Thermodynamic uncertainty for run-and-tumble type processes

Systems out of equilibrium typically carry macroscopic currents of particles, mass or energy. Thermodynamic uncertainty relations offer universal bounds linking such currents and their statistical fluctuations to other system properties, especially entropy production. These bounds offer measures for analysing long-time averages, or allowing the suppression of fluctuations in biochemical reactions and molecular motors. Most previous work exploring useful forms of such relations has focussed on time-homogeneous Markovian systems, but similar relations would be valuable for a much wider class of systems, especially those with memory or history dependence.
In a new paper, LML External Fellow Rosemary Harris and Mayank Shreshtha derive a new bound for a particular class of run-and-tumble type processes, a standard paradigm for modelling bacterial motility as well as other search strategies.

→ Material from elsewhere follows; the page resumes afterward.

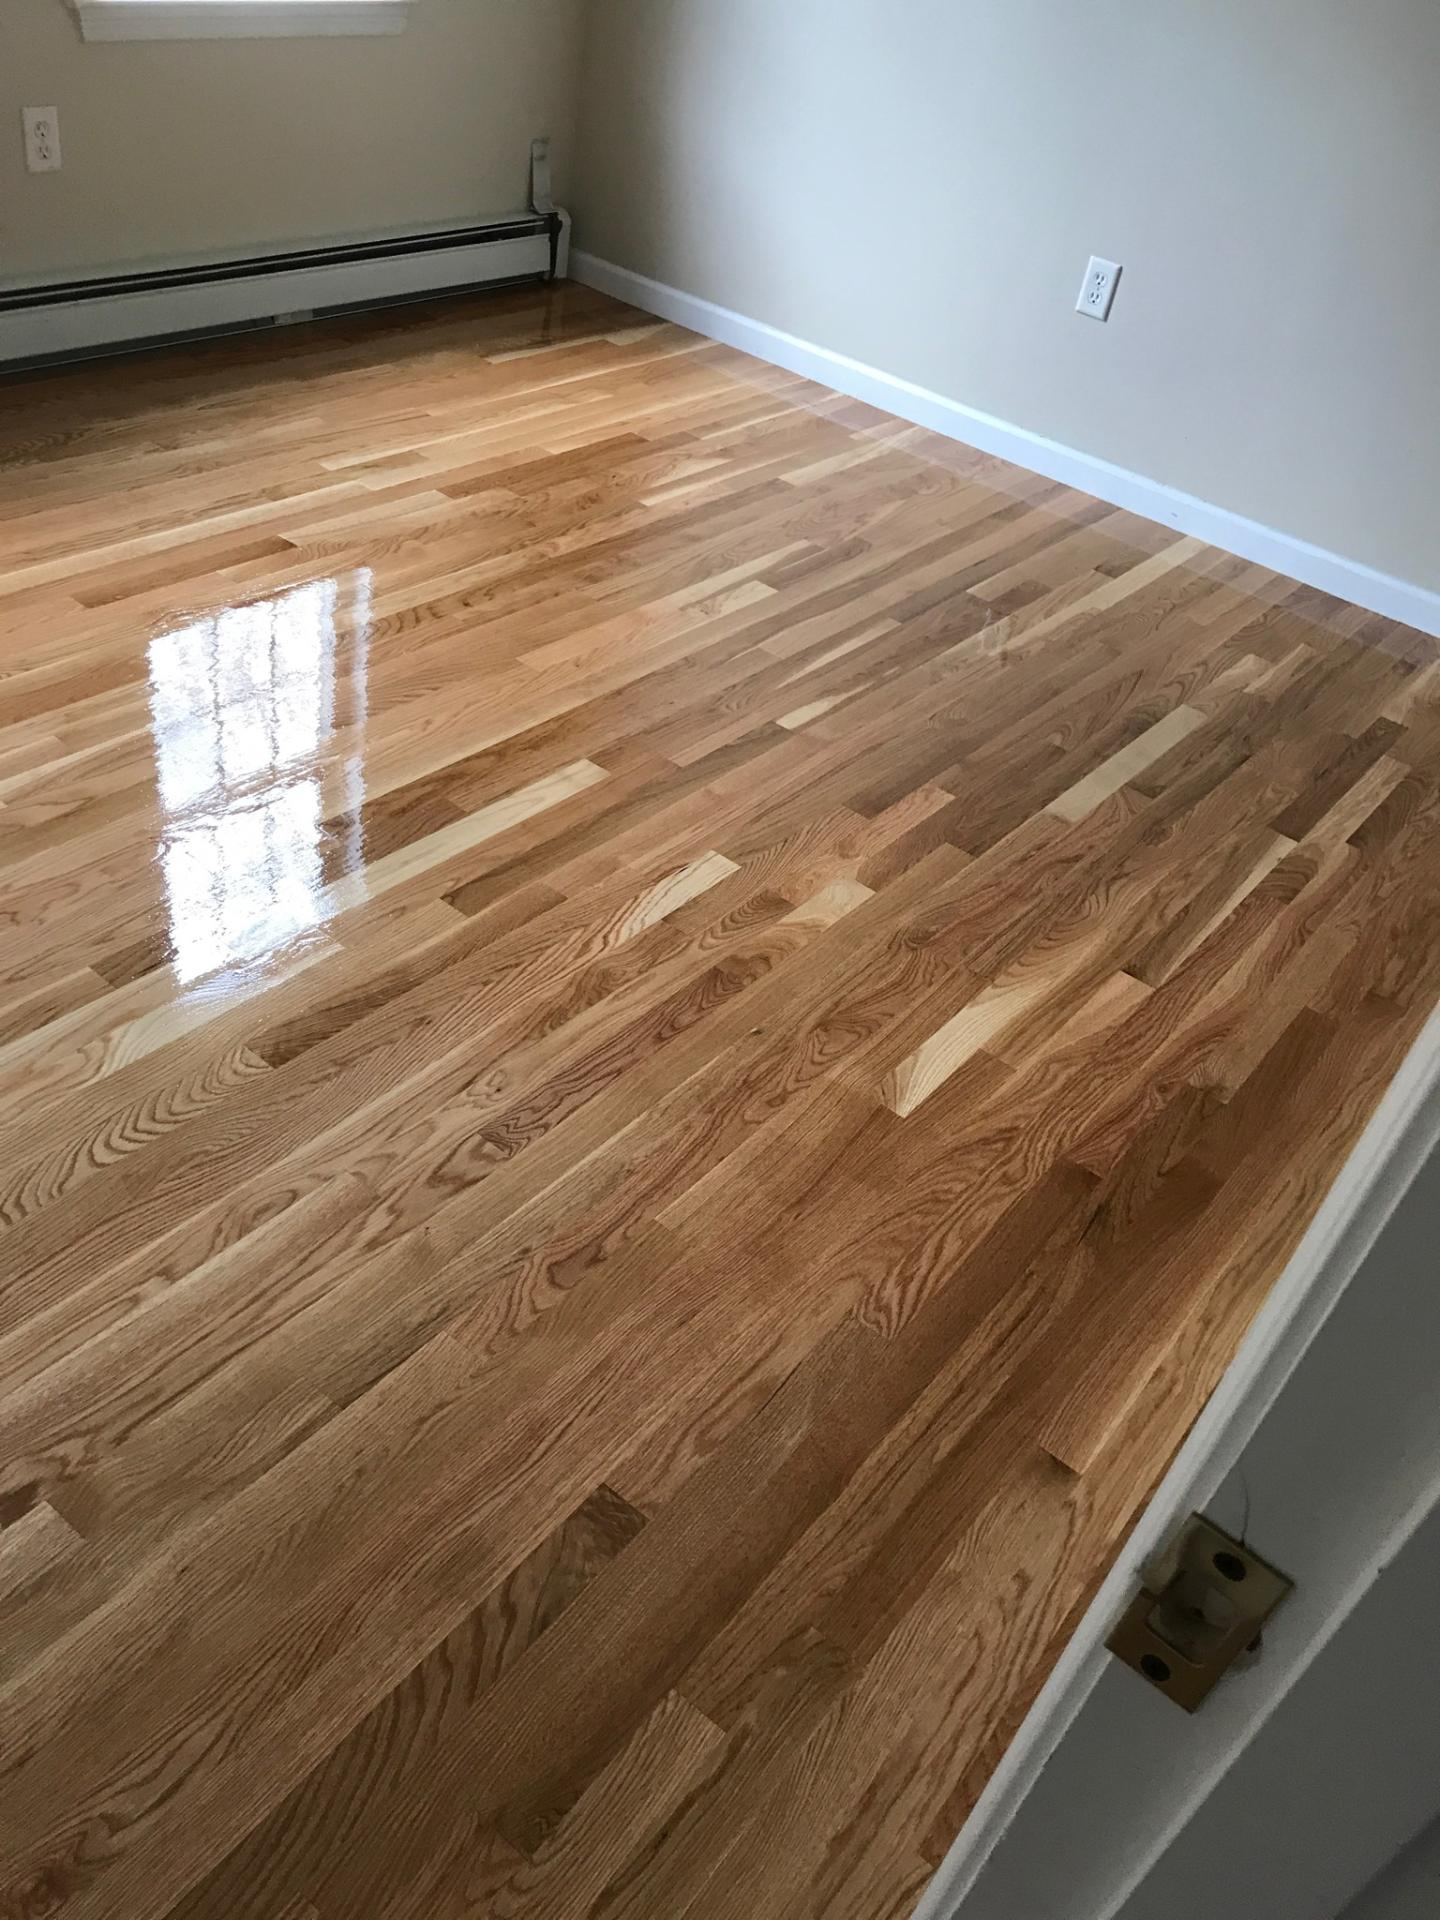 Natural White Oak Hardwood Floors  Central Mass Hardwood Inc

In such processes, random dynamics moving systematically in one direction, so-called “runs” are interrupted by stochastic resets of the preferred direction, “tumbles.” To derive bounds for such processes, the researchers use a mathematical framework based around so-called renewal-reward theory, a branch of probability theory often used in modelling inventories or the reliability of industrial processes, as well as biological systems.
As they demonstrate, the new uncertainty relation they derive for run-and-tumble models is often more restrictive and informative than previously known relations. The authors illustrate the difference in several simple single particle processes, and also with a many-particle exclusion process with collective reset. Harris and Shreshtha believe the new result could prove useful for researchers in the area of active matter.